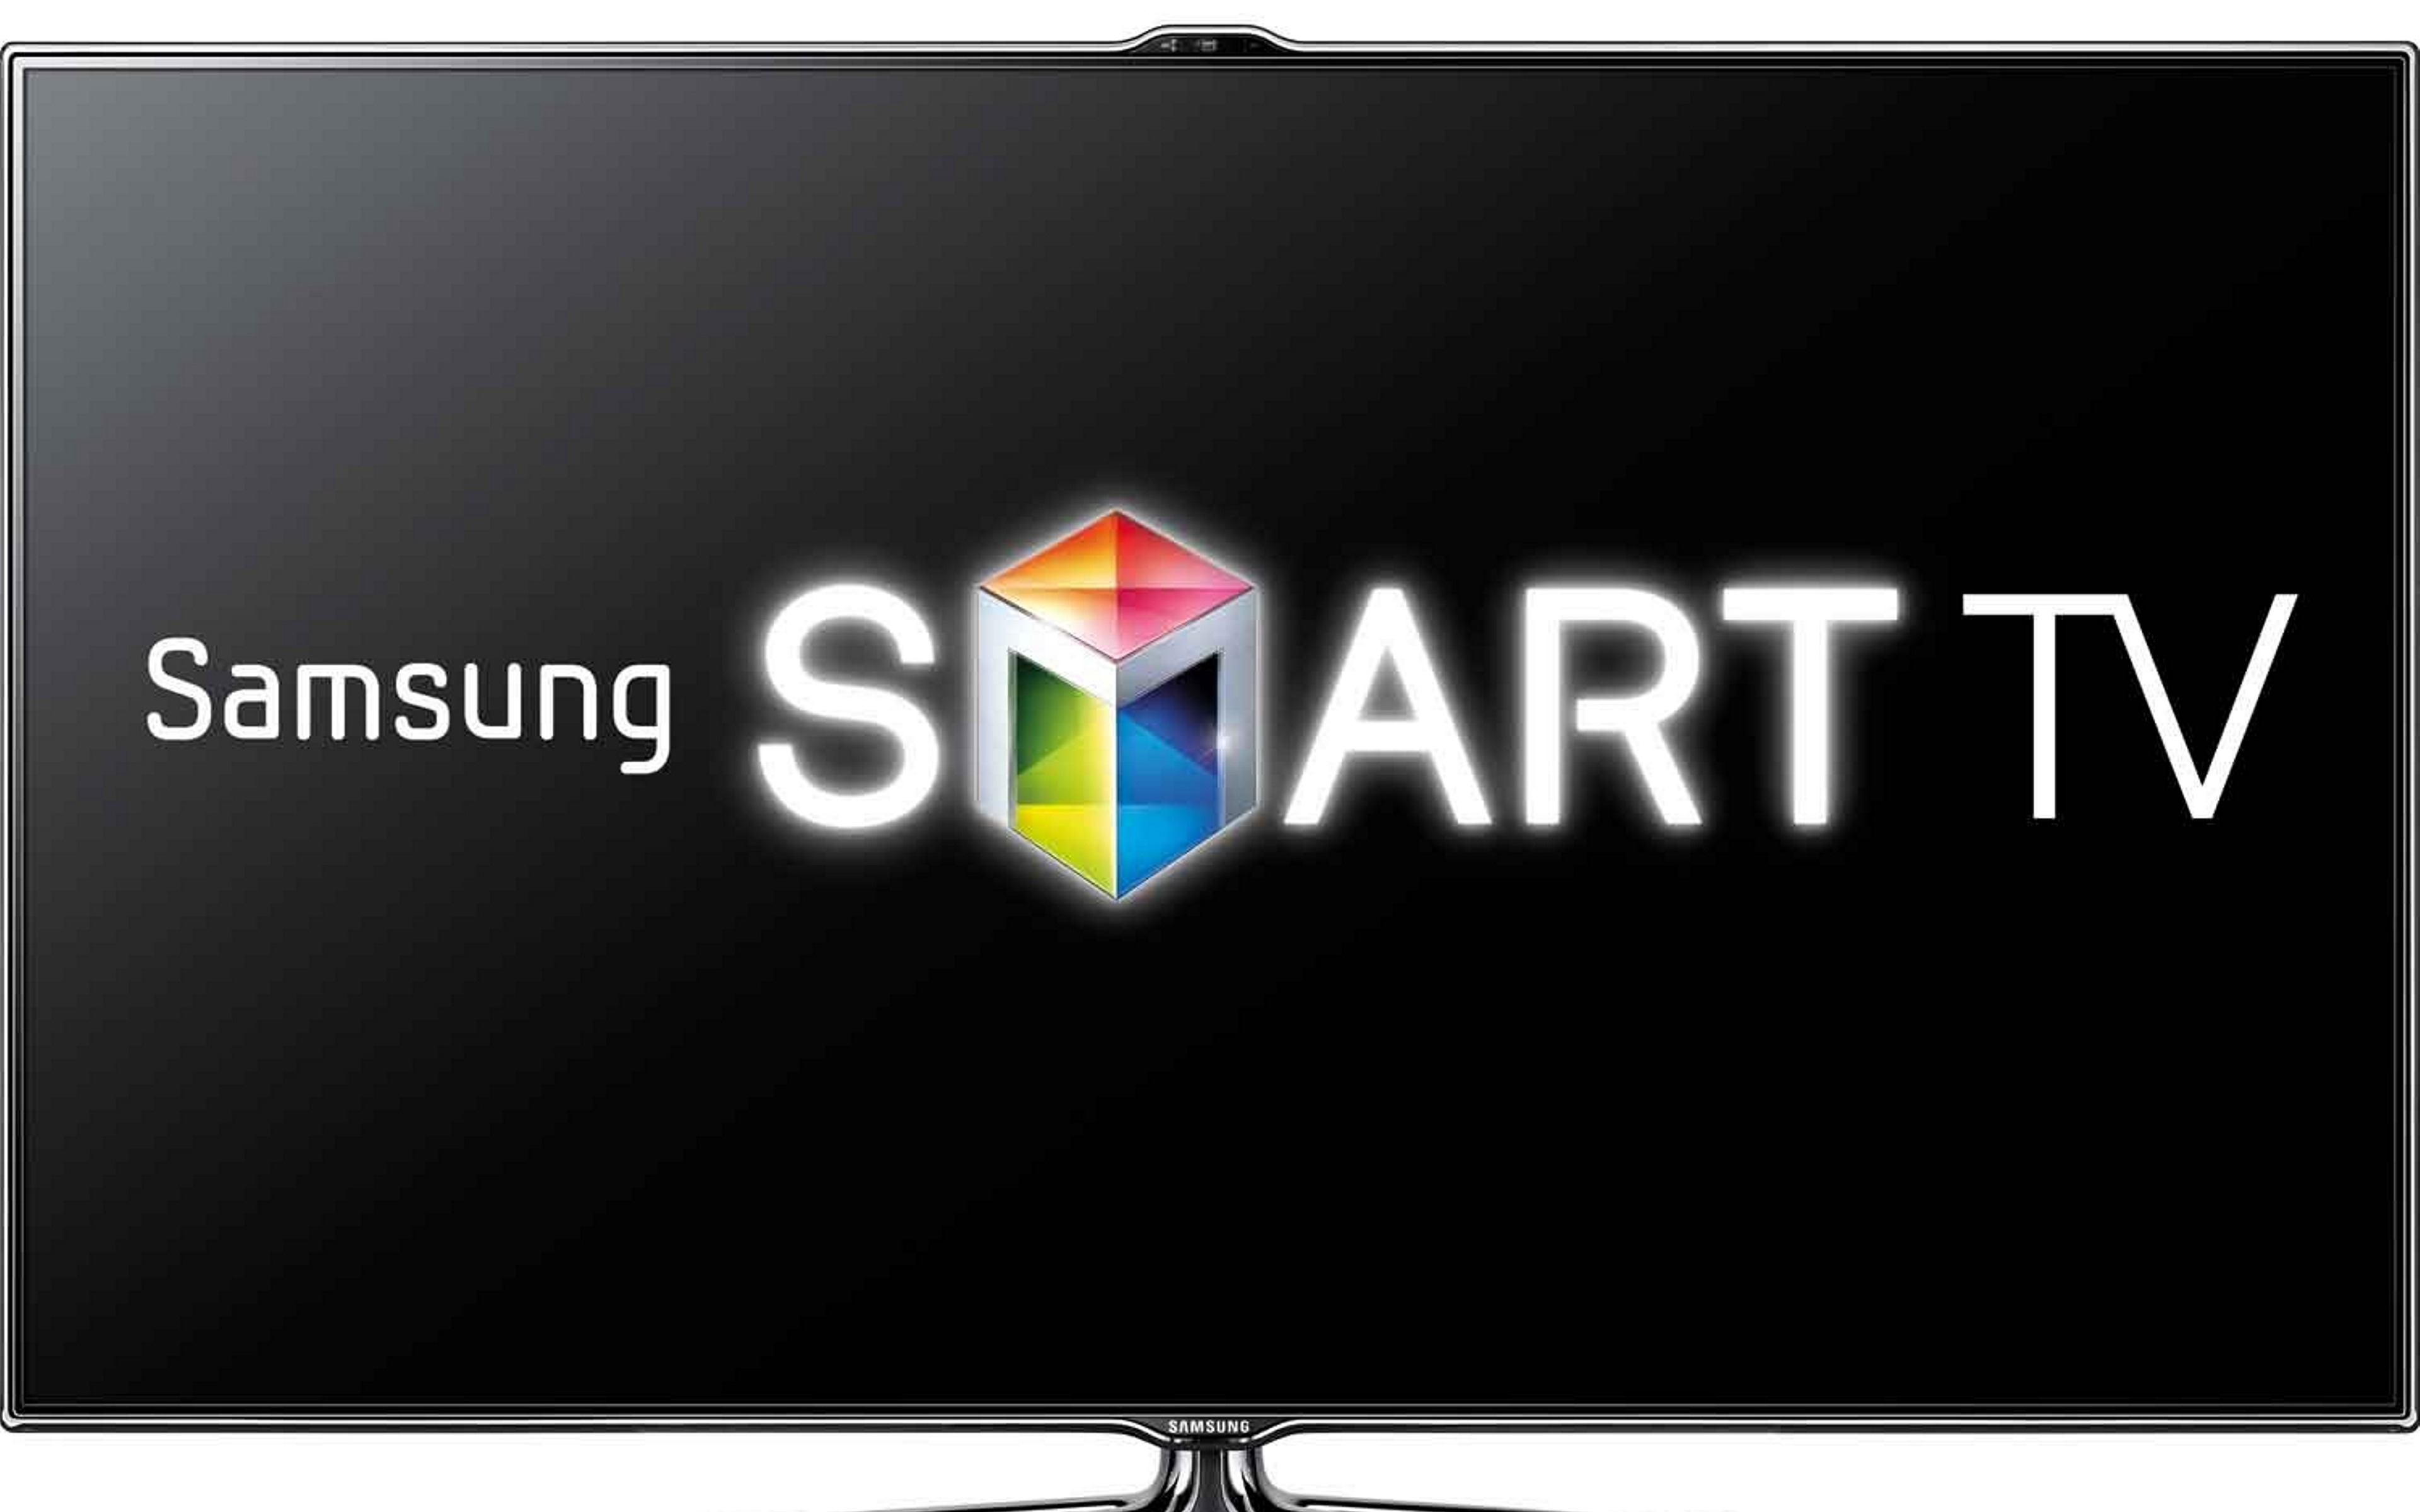 Download wallpaper 3840x2400 samsung smart tv 4k ultra hd 1610
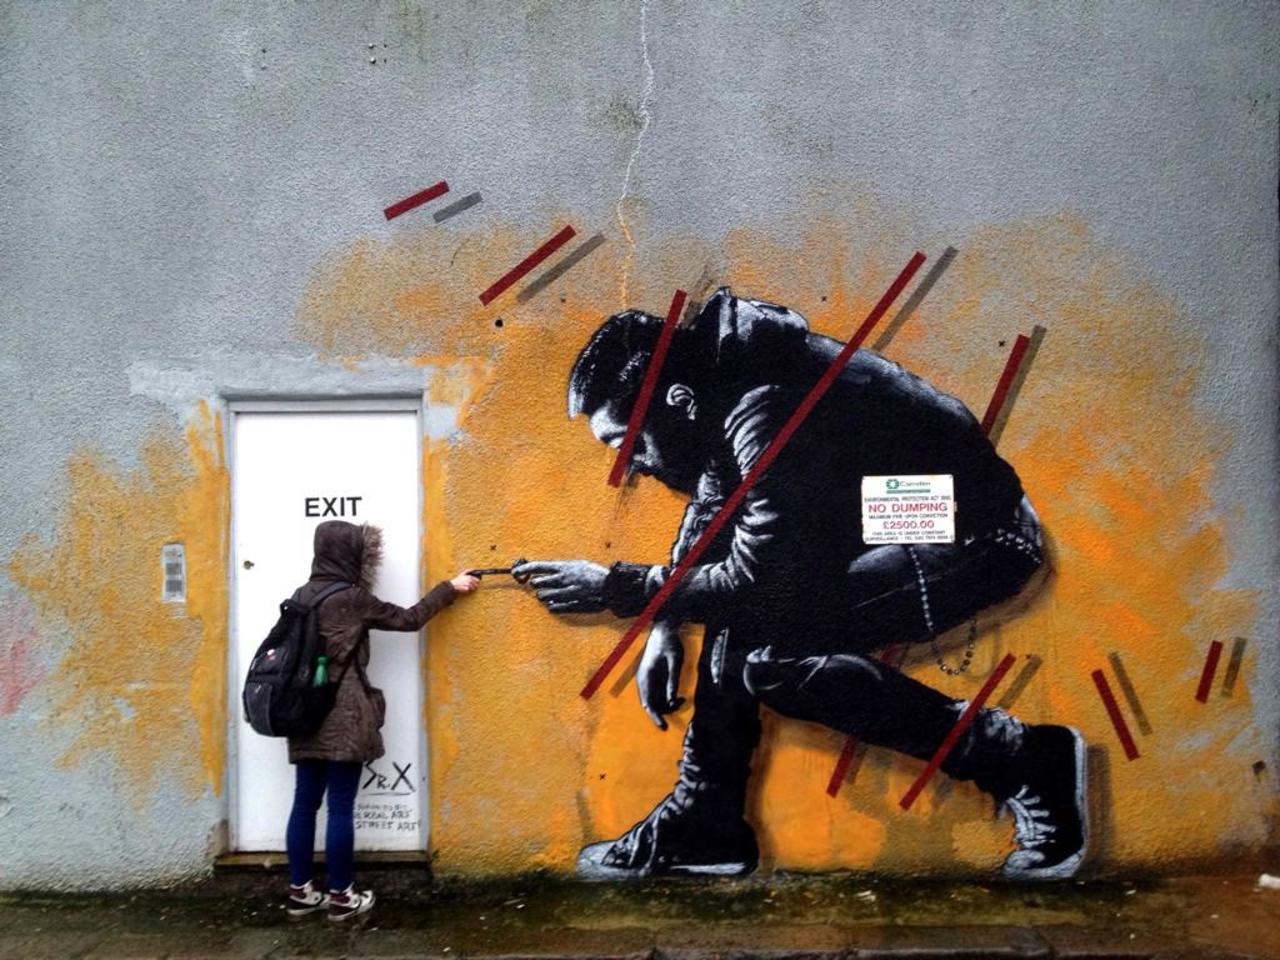 RT "@GoogleStreetArt: 'Exit' 

Superb Street Art by Sr.X in London 
Pic - Ugz 

#art #arte #graffiti #streetart http://t.co/VPBxoknoJM"
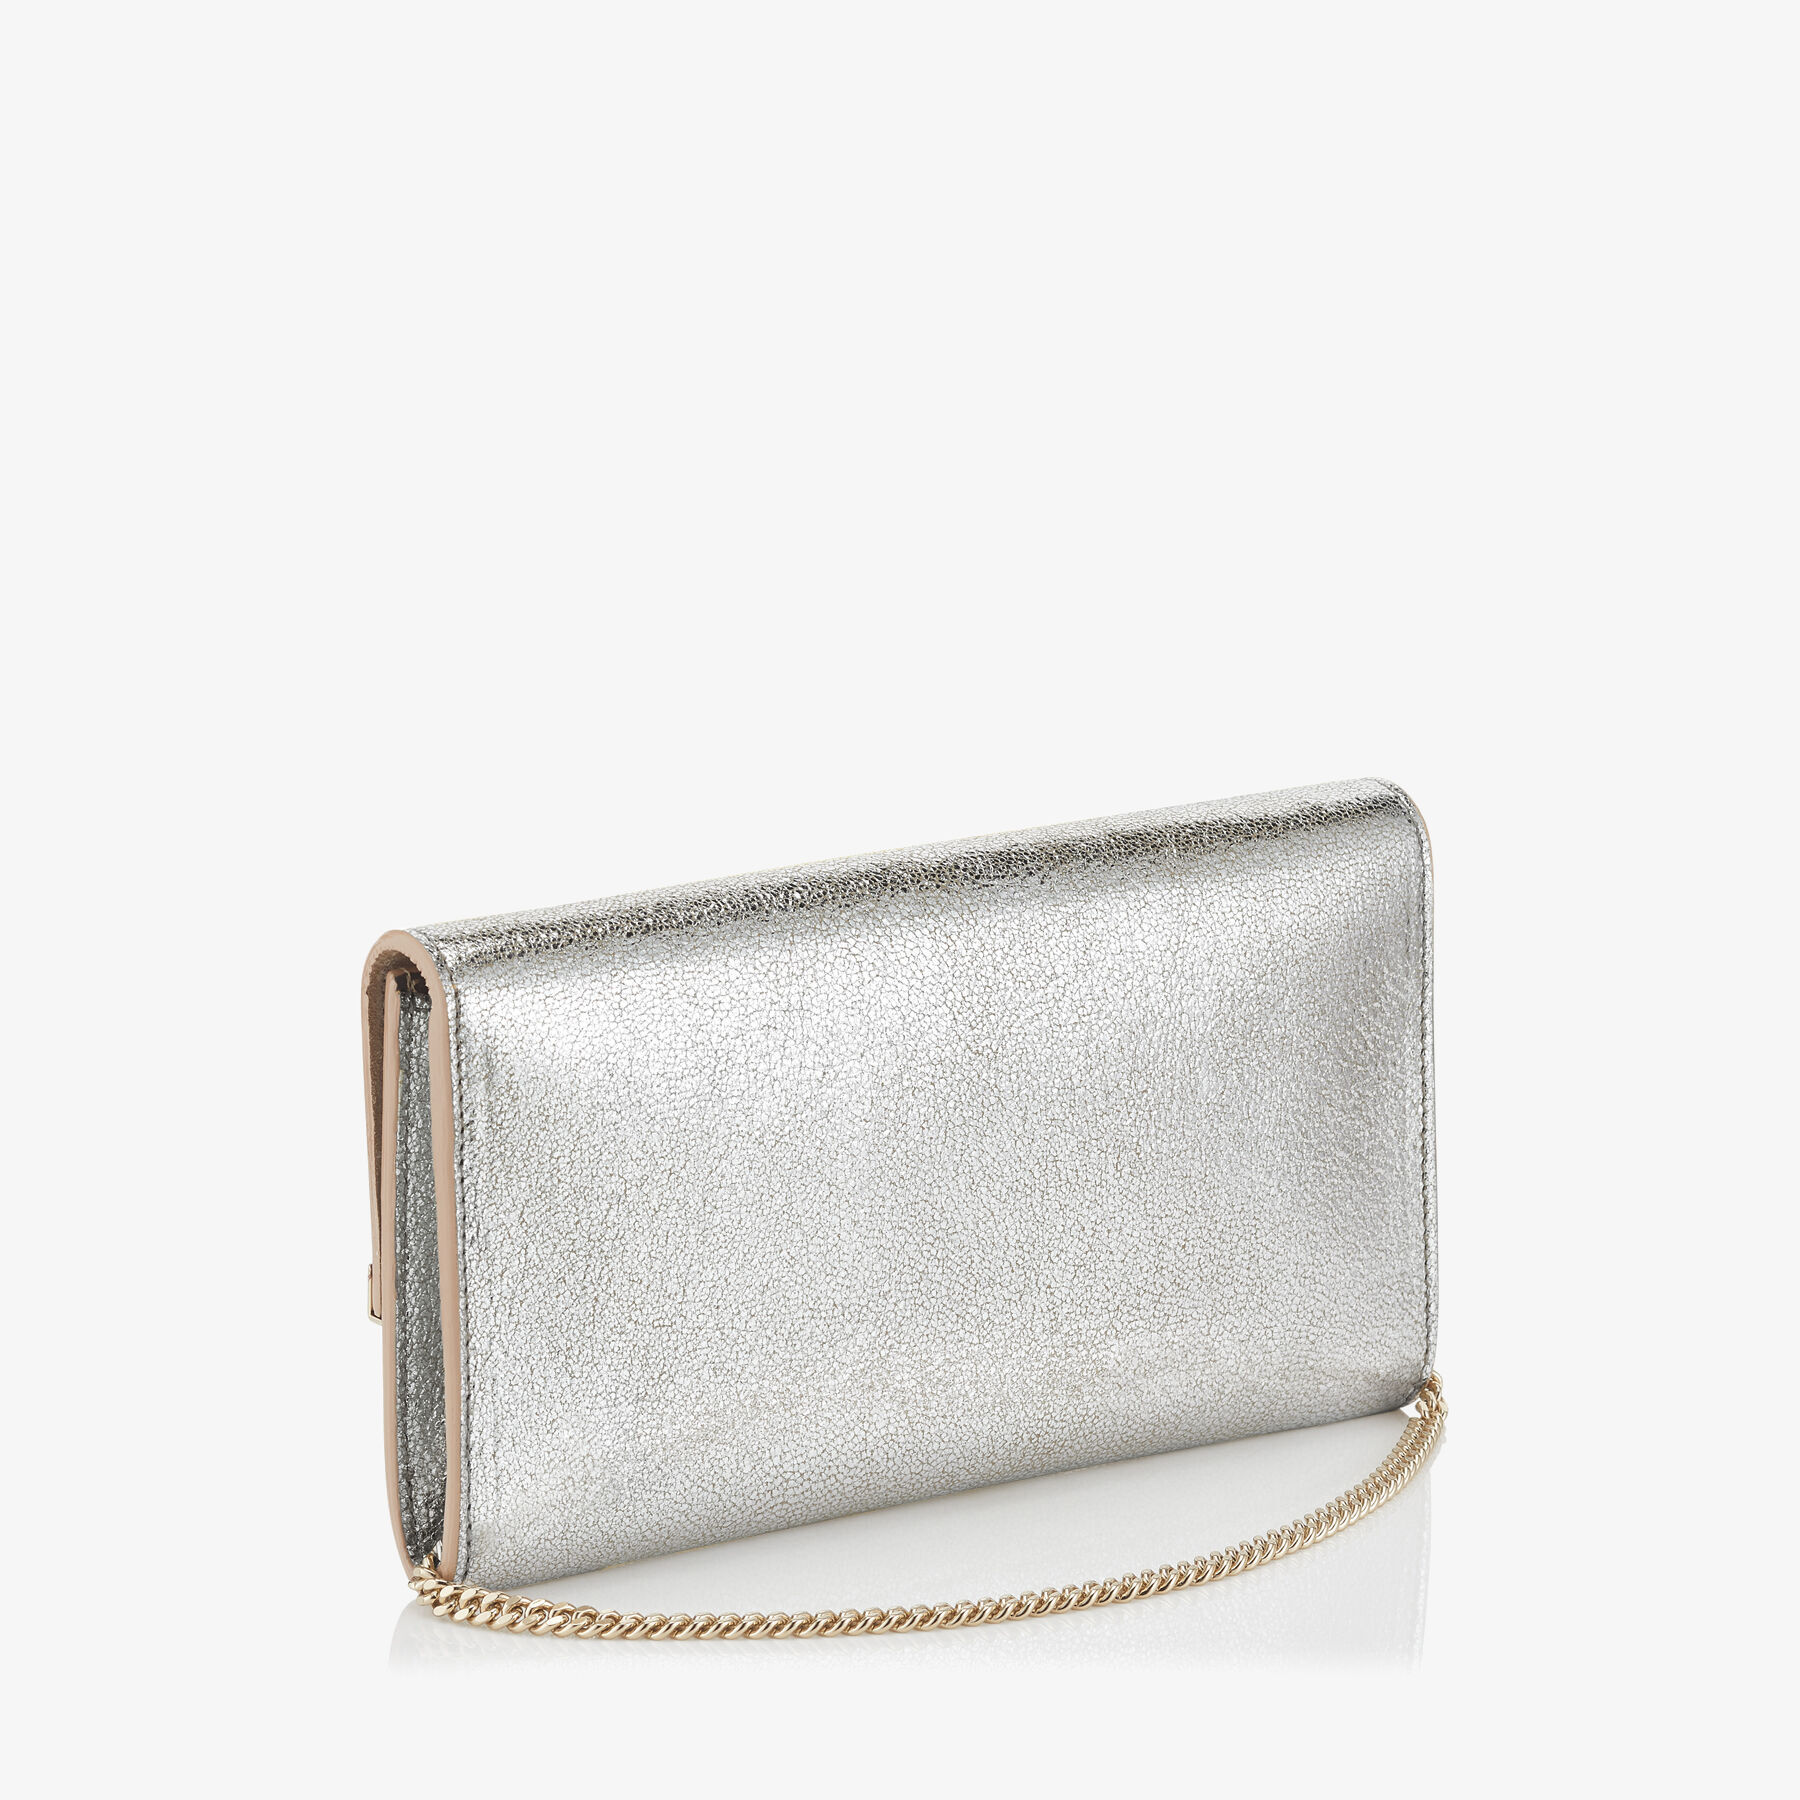 Champagne Glitter Leather Clutch Bag | Emmie | Pre Fall 18 | JIMMY

# Your assignment
Output nothing except the lines from the one containing "#art #arte #graffiti" through the final line of the entries, repeated exactly and free of pictures.

# Answer below
#art #arte #graffiti #streetart http://t.co/VPBxoknoJM"
 Champagne Glitter Leather Clutch Bag | Emmie | Pre Fall 18 | JIMMY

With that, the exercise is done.